• [To do]: Output exactly the lines below, starting with the line that has "Imagen en miniatura" and going on through the line that has "Titan fall 2", both included, and no other lines.

[Entries taken from a collection]
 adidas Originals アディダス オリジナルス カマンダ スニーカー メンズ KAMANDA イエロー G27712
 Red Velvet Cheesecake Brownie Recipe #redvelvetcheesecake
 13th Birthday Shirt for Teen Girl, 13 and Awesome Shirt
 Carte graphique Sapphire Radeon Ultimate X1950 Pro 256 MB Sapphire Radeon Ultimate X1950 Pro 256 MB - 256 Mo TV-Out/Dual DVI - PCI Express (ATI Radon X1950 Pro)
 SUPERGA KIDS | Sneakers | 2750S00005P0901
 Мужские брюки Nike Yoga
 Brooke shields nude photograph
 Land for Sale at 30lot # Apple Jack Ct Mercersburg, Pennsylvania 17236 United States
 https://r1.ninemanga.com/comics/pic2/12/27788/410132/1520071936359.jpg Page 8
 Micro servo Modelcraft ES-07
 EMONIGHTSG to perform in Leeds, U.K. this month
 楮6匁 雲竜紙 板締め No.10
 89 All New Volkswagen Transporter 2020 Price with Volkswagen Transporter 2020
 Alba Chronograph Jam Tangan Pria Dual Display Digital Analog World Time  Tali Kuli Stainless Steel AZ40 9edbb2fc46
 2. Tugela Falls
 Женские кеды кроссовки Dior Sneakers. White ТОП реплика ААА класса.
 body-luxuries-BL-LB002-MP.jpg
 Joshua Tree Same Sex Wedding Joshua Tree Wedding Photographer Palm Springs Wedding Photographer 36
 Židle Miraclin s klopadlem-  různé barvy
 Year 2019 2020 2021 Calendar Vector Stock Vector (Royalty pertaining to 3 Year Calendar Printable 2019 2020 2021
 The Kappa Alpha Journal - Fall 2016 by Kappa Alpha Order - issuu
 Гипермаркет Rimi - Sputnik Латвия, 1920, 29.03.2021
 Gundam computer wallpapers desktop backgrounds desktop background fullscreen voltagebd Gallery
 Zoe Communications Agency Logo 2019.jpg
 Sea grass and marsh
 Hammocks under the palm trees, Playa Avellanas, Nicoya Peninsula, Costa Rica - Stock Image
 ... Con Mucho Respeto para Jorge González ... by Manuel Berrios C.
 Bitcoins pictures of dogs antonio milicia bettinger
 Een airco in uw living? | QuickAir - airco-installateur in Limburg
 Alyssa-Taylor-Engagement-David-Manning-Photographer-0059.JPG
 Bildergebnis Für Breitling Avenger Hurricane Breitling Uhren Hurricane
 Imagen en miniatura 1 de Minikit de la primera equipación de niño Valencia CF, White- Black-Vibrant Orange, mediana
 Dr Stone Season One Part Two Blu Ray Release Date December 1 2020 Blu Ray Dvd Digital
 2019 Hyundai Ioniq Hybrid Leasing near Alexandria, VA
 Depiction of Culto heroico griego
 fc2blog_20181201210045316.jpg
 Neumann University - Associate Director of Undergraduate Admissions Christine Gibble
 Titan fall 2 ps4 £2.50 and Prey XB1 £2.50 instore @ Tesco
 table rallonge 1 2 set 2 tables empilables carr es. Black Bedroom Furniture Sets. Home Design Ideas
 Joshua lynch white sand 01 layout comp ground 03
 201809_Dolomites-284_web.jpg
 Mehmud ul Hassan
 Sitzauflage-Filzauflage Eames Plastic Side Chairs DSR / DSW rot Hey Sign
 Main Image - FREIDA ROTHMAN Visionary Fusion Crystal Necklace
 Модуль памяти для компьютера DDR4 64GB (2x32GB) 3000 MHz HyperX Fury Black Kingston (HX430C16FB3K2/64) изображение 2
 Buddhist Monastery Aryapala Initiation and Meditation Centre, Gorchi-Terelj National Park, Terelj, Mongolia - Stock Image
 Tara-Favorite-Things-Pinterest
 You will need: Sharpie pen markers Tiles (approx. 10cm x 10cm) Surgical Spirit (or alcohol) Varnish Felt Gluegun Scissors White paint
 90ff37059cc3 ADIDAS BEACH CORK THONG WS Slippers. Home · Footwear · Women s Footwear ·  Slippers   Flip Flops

• [Solution for this exercise]:
 Imagen en miniatura 1 de Minikit de la primera equipación de niño Valencia CF, White- Black-Vibrant Orange, mediana
 Dr Stone Season One Part Two Blu Ray Release Date December 1 2020 Blu Ray Dvd Digital
 2019 Hyundai Ioniq Hybrid Leasing near Alexandria, VA
 Depiction of Culto heroico griego
 fc2blog_20181201210045316.jpg
 Neumann University - Associate Director of Undergraduate Admissions Christine Gibble
 Titan fall 2 ps4 £2.50 and Prey XB1 £2.50 instore @ Tesco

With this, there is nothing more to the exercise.